Wayne C. Booth. A Rhetoric of Irony. Chicago : University of Chicago Press, 1974.
David Bromwich. La politique par d'autres moyens : Higher Education and Group Thinking. New Haven : Yale University Press, 1992.
Samuel Taylor Coleridge. Biographia Literaria.
Stephen Cox. "Devices of Deconstruction". Critical Review, 3 (1989), 56-75.
Stephen Cox. "Théorie littéraire : Liberal and Otherwise". Humane Studies Review, 5 (automne 1987), 1, 5-7, 12-14.
R.S. Crane. The Idea of the Humanities and Other Essays Critical and Historical. Chicago : University of Chicago Press, 1967.
R.S. Crane, ed. Critiques et critique : Ancient and Modern. Chicago : University of Chicago Press, 1952.
Frederick Crews. Engagements sceptiques. New York : Oxford University Press, 1986.
Gerald Graff. La littérature contre elle-même : Les idées littéraires dans la société moderne. Chicago : University of Chicago Press, 1979.

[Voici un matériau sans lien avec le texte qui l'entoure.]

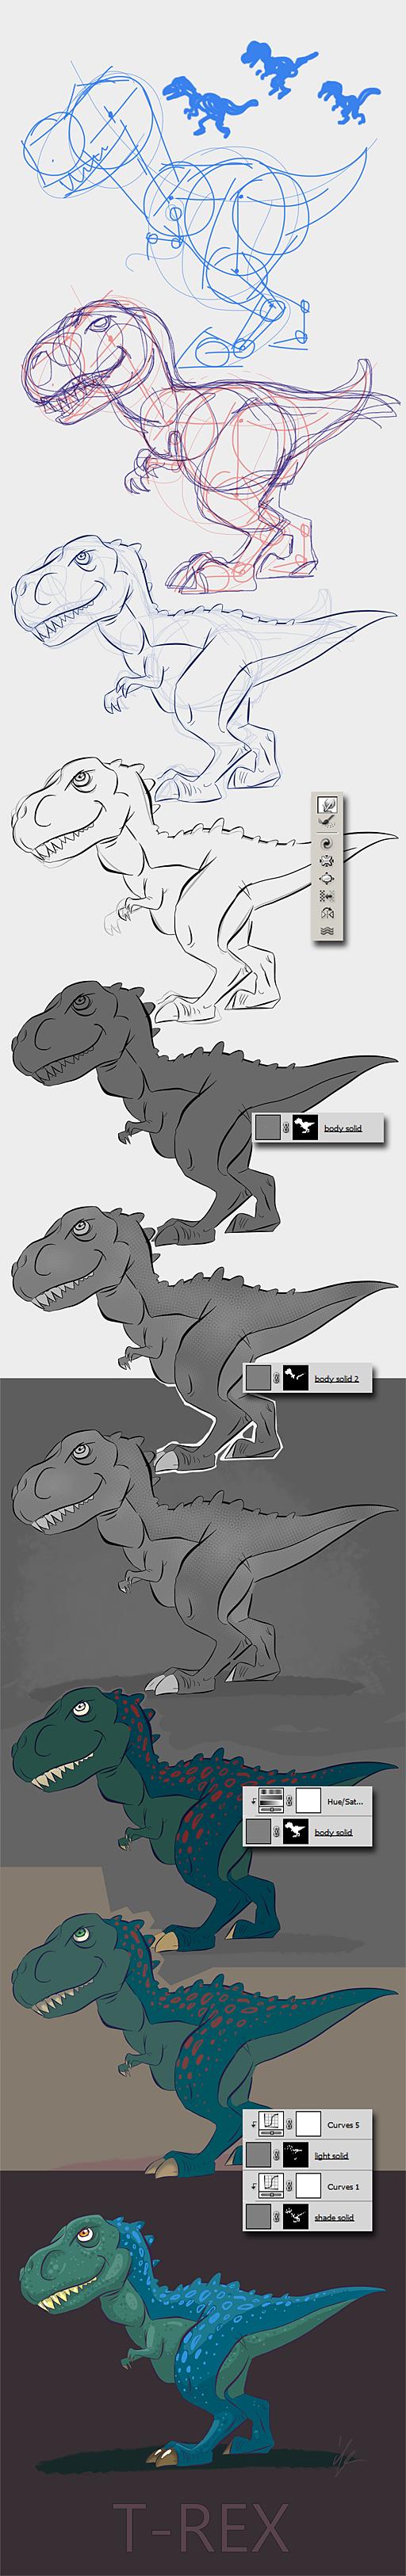 T-Rex:wip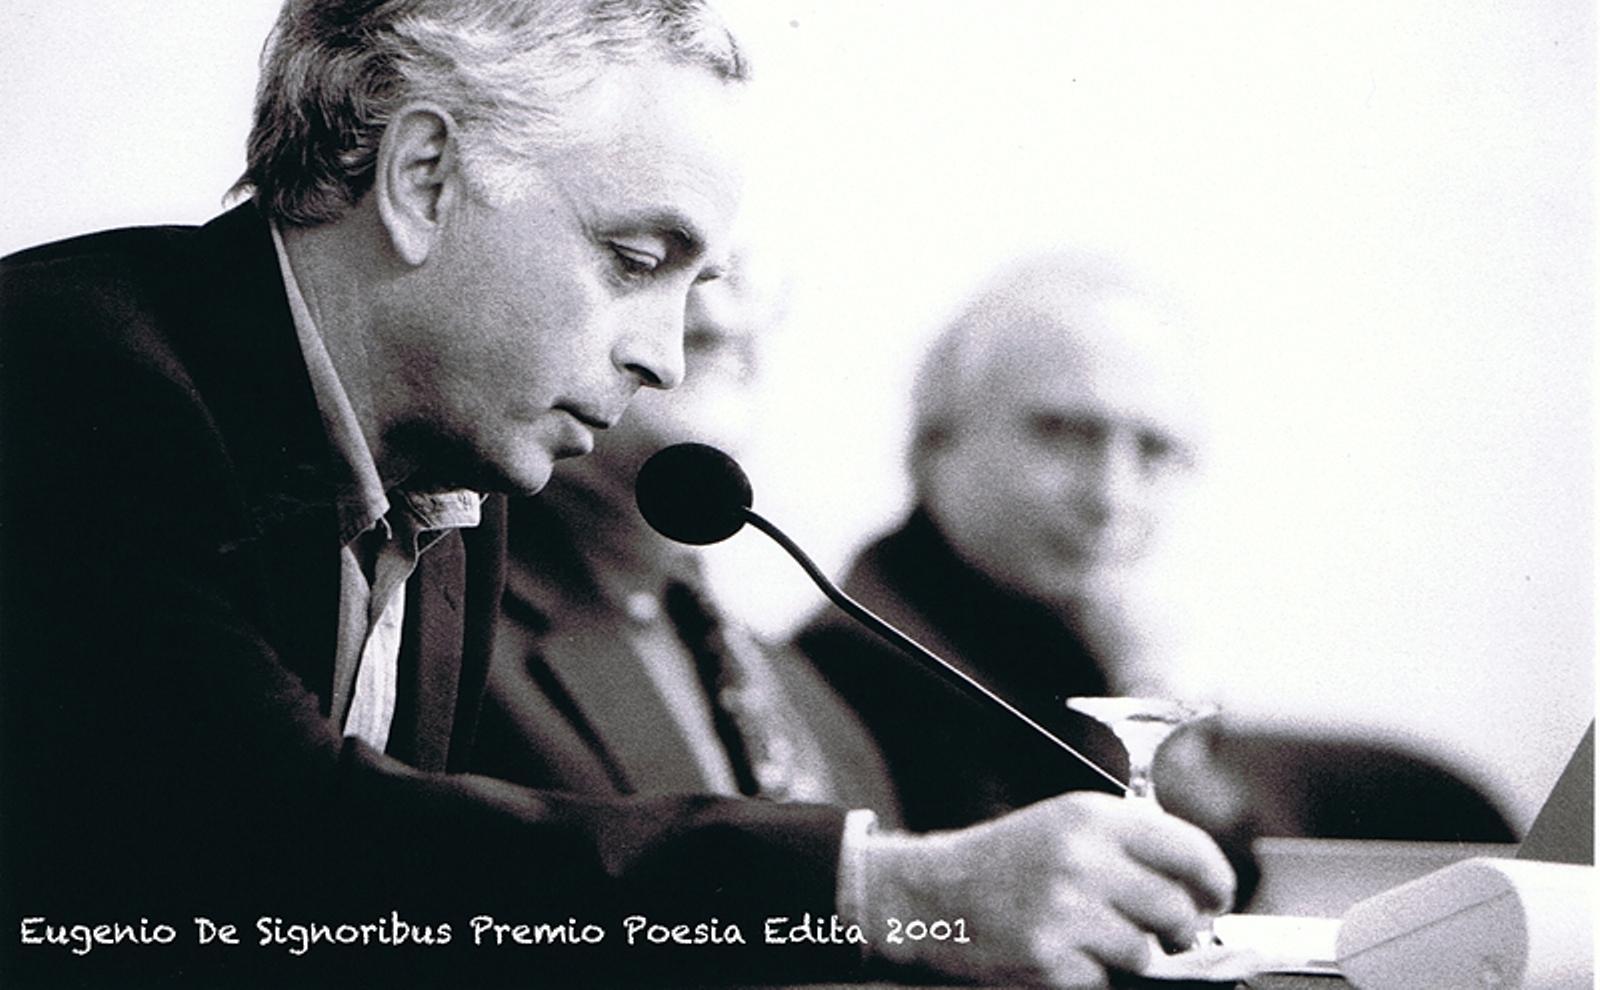 eugenio-de-signoribus-premio-poesia-edita-2001

E.D.Hirsch, Jr. Les objectifs de l'interprétation. Chicago : University of Chicago Press, 1976.
E.D.Hirsch, Jr. Validity in Interpretation. New Haven : Yale University Press, 1967.

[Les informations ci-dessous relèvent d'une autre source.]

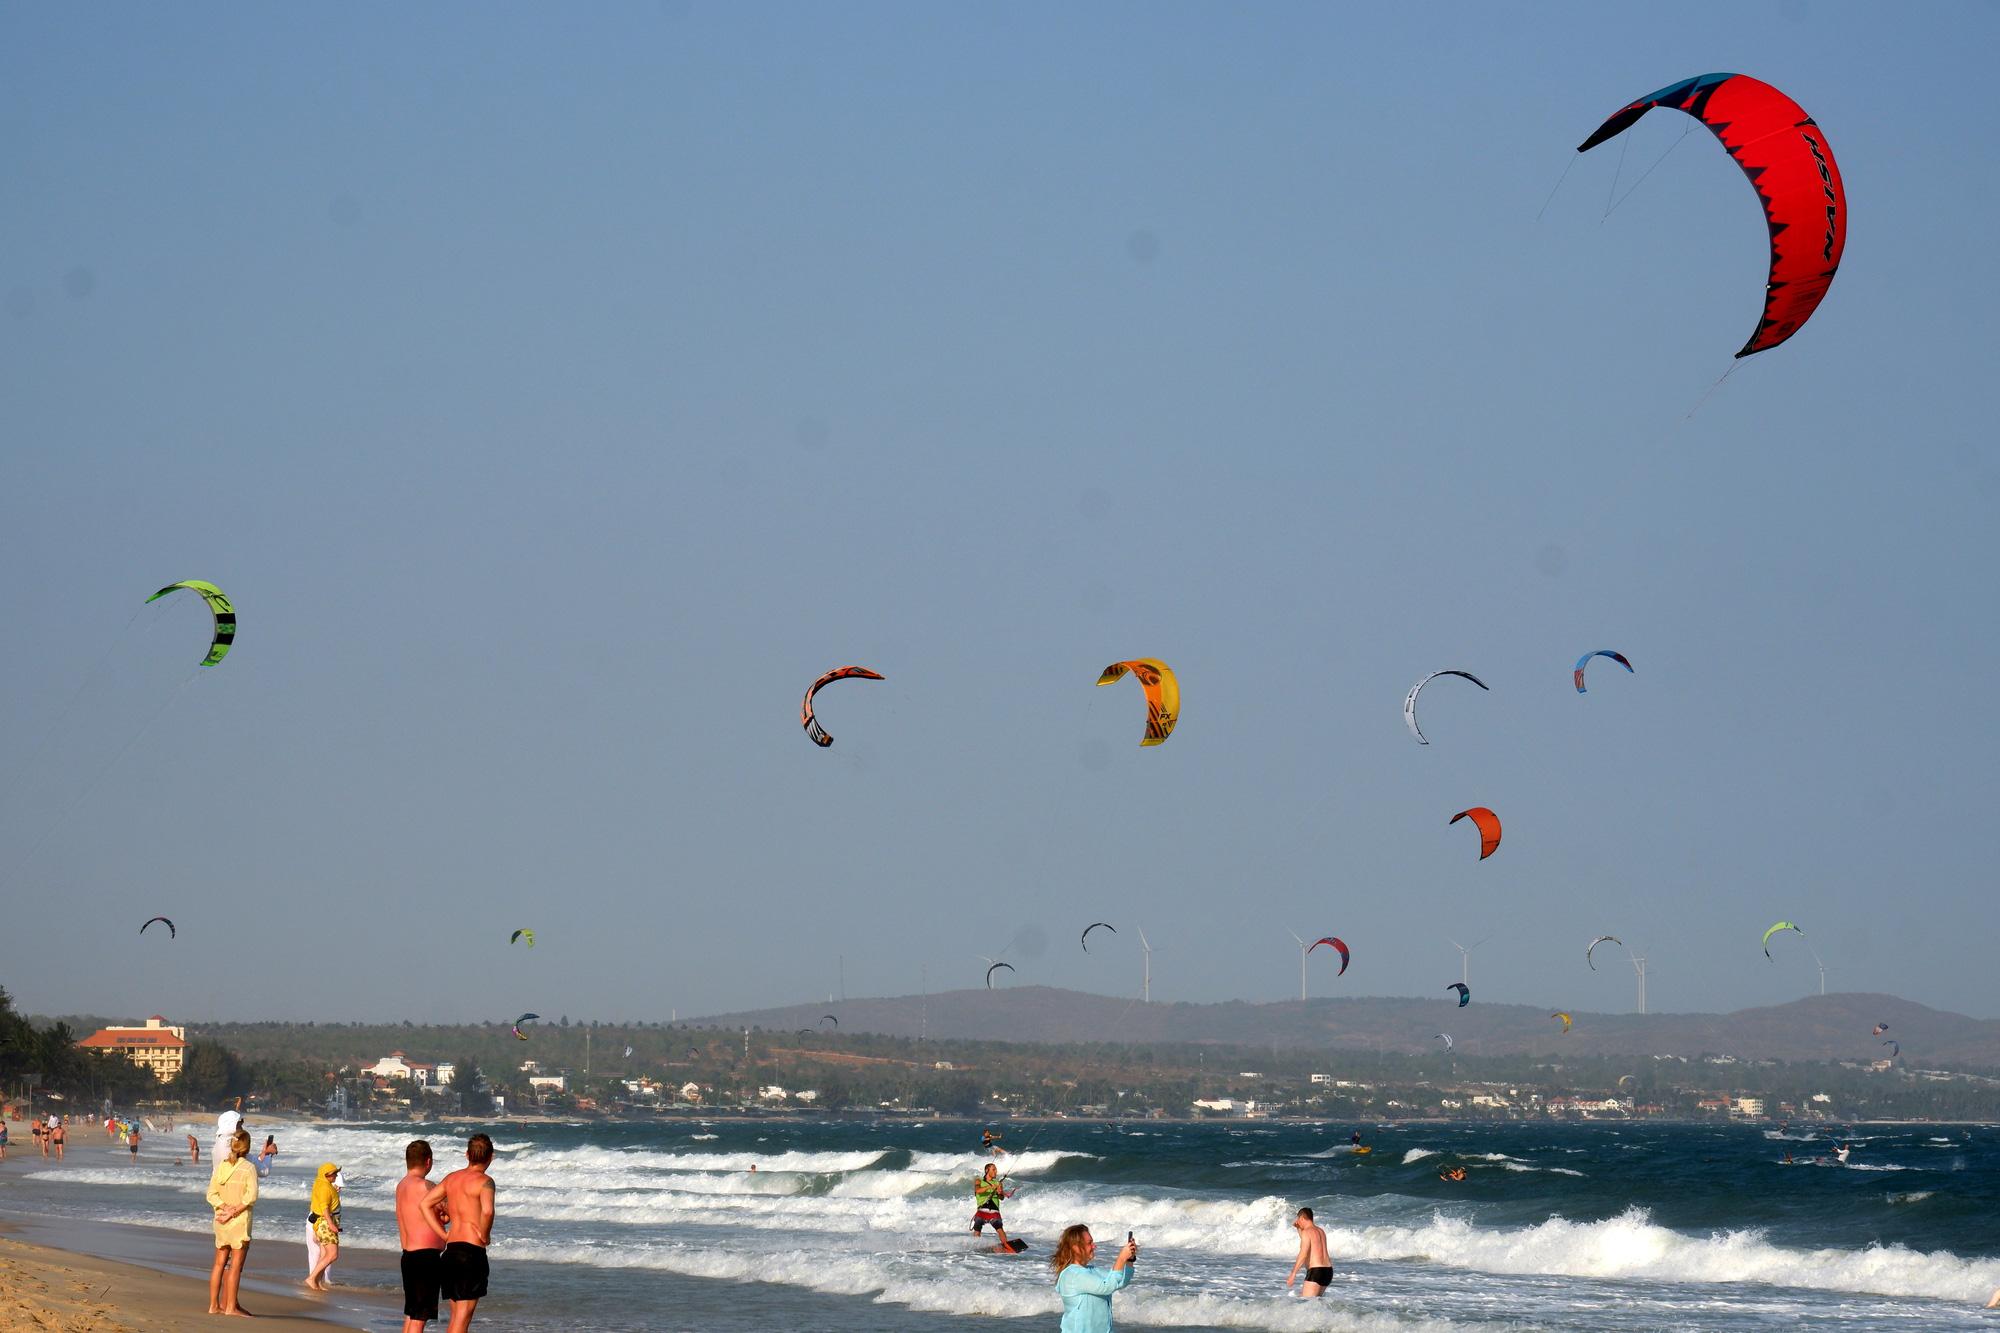 Kite surfers crowd beach in Binh Thuan, Vietnam's COVID-19 epicenter

Samuel Johnson. Préface à Shakespeare.
Elder Olson. On Value Judgments in the Arts and Other Essays (Jugements de valeur dans les arts et autres essais). Chicago : University of Chicago Press, 1976.
Elder Olson. La théorie de la comédie. Bloomington : Indiana University Press, 1968.
Alexander Pope. Essai sur la critique.
Ayn Rand. Le Manifeste romantique : Une philosophie de la littérature. Éd. révisée. New York : New American Library, 1975.
Percy Bysshe Shelley. Une défense de la poésie.